I find it difficult not to focus on vulvodynia also. Even when the pain isnt so bad that it imposes on my daily activities, the consequences of the condition for my social, sexual and emotional fulfillment mean that it is pretty constantly in my thoughts- triggered by things like mentions of sex (which happen rediculously often- this is a bad condition to have in such a highly sexualised culture) mentions of bike riding and swimming (people at my work cycle together- i wish they would shut up about how much fun they have), mentioning pants (one of my students-im a teacher- today said, "you look really nice in pants, Miss, why do you always wear floppy pants or skirts?")etc. What makes it worse is that its much too personal to talk about with most people. So I feign disinterest when invited riding, and say I like skirts better.
But I am feeling hopeful that I am heading toward recovery. I think Sarah's comments have been really helpful- that we need to take ownership of our own condition. We can't put ourselves in the trusted hands of medical professionals because they dont really know what they are doing when it comes to this condition. This can be a positive thing- it can feel good to be doing something about it- even if we are not entirely convinced that the something will be our cure. I am not prepared to "learn to live with it". Not an option. I can endure it for the time being, but I need the hope of recovery to keep me going.

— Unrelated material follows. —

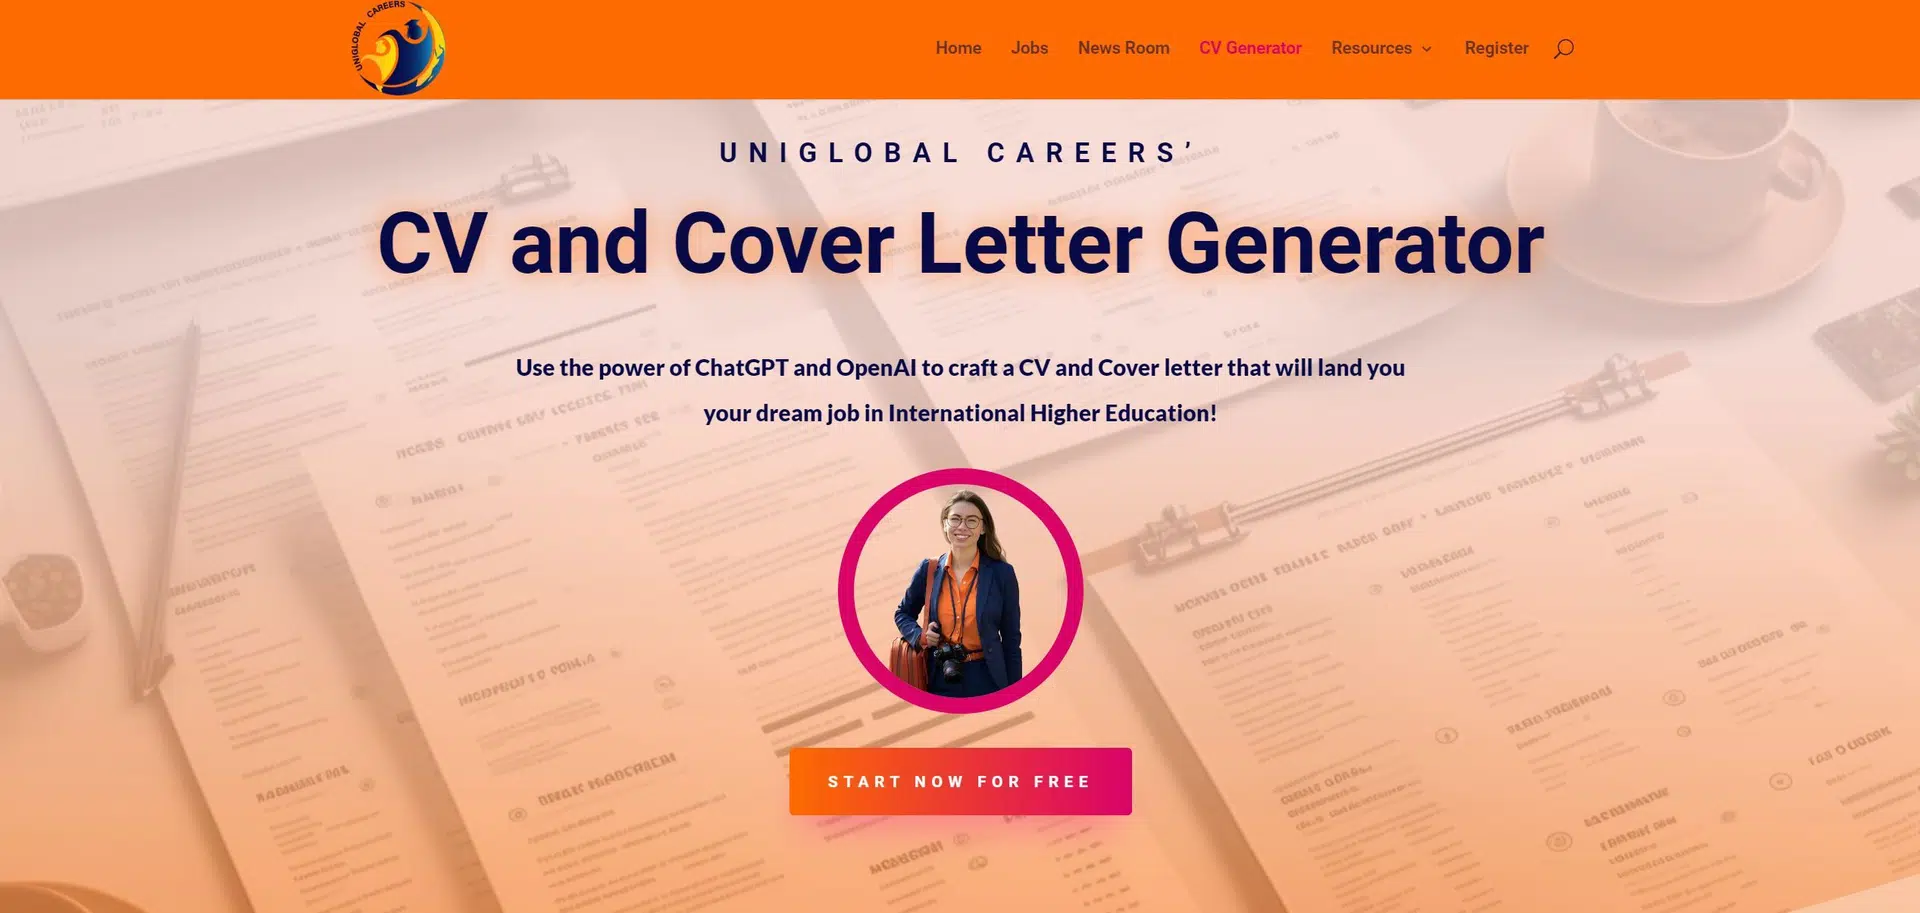 UniGlobal CV and Cover Letter Generatorwebsite picture

Excellent attitude Lisa! I'm the same, I have to believe I'm going to get better to remain positive and remaining positive keeps me investigating solutions and trying things out. If we all keep trying things sooner or later some of us are going to stumble on solutions, whereas if we all sit back and do nothing we're all definitely not going to get better.

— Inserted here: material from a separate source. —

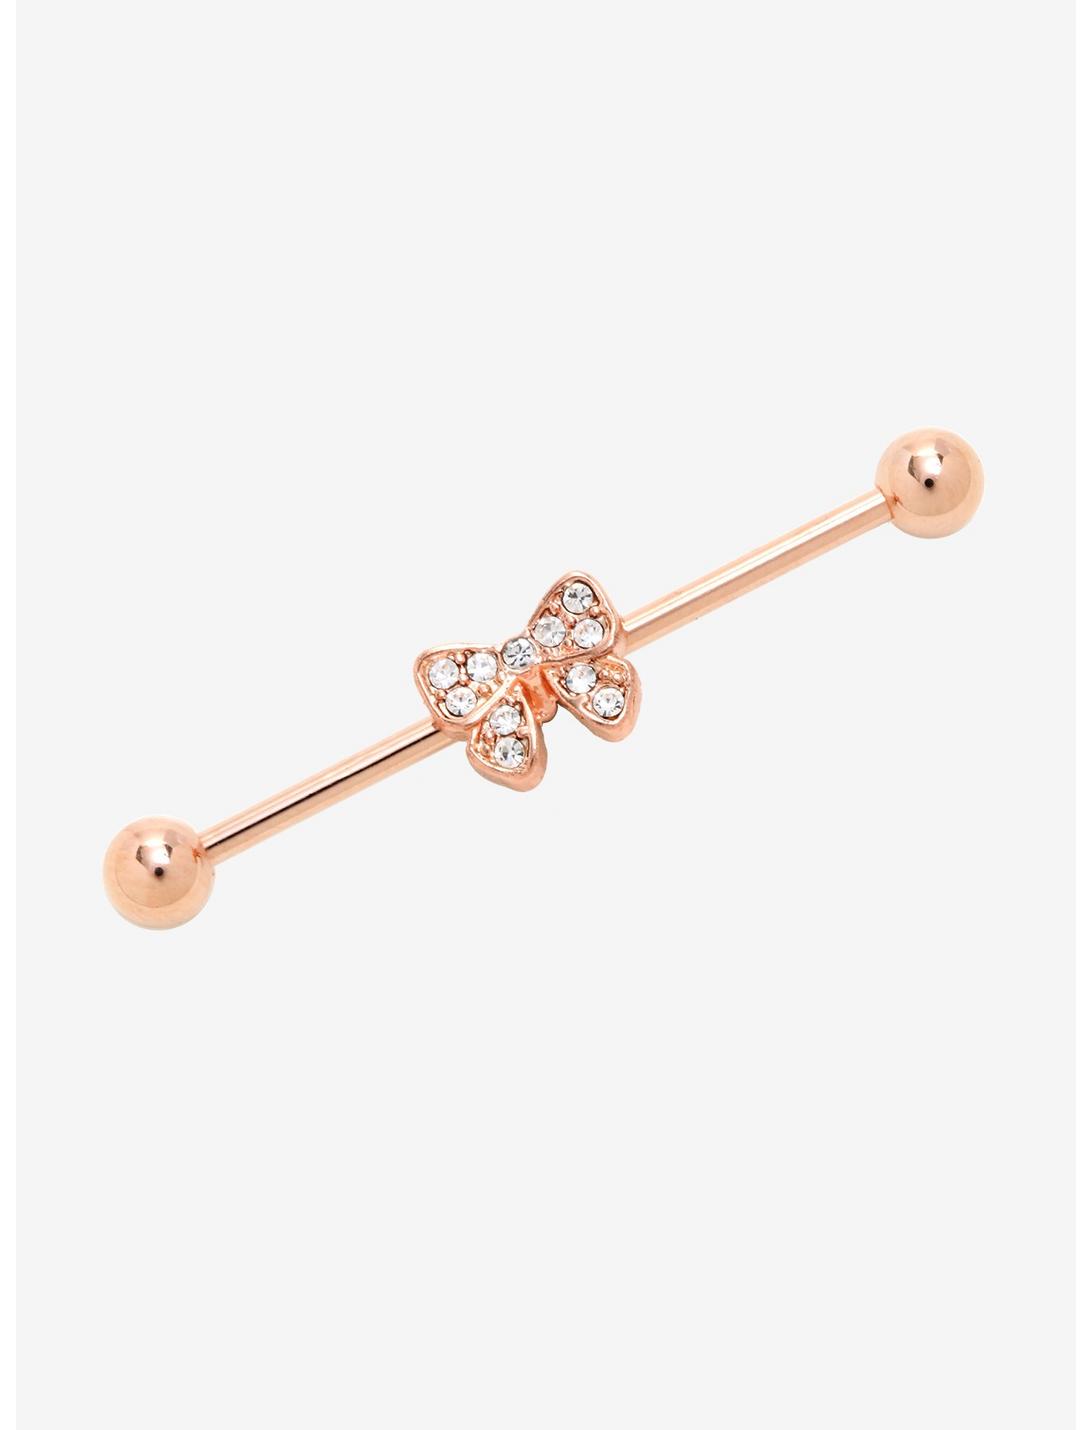 14G 1 1/2" Steel Rose Gold Bow Industrial Barbell, , hi-res

It occurred to me last night that sorting out pain relief that works is actually essential, it might break the pain loop of pain=muscle tension and faulty movements=more pain=more muscle tension and faulty movements=more pain you see where I'm going with this?! For some women breaking that vicious cycle can actually work which is why I keep getting leaflets about some women taking pain relief for a few months and then coming off it and being fine.

We have to be in charge of our health, I for one don't blindly trust doctors with anything that's going on with me and educate myself as much as possible about the conditions before I see them so if they try and fob me off or try and lead me down the wrong treatment path I can guide them back to where I think we should be going. Seeing physios is a brilliant option too because they can write to your GP and request things so getting a check up of pelvic alignment (misaligned pelvis' are very very common in women) is a must along with a pelvic floor assessment because most doctors don't understand musculoskeletal problems and will throw pills at it even when it can be something simple. A chiropractor I saw years ago told me doctors in the UK only do a few weeks out of their 7 years of training about these types of issues so little wonder they don't really understand them!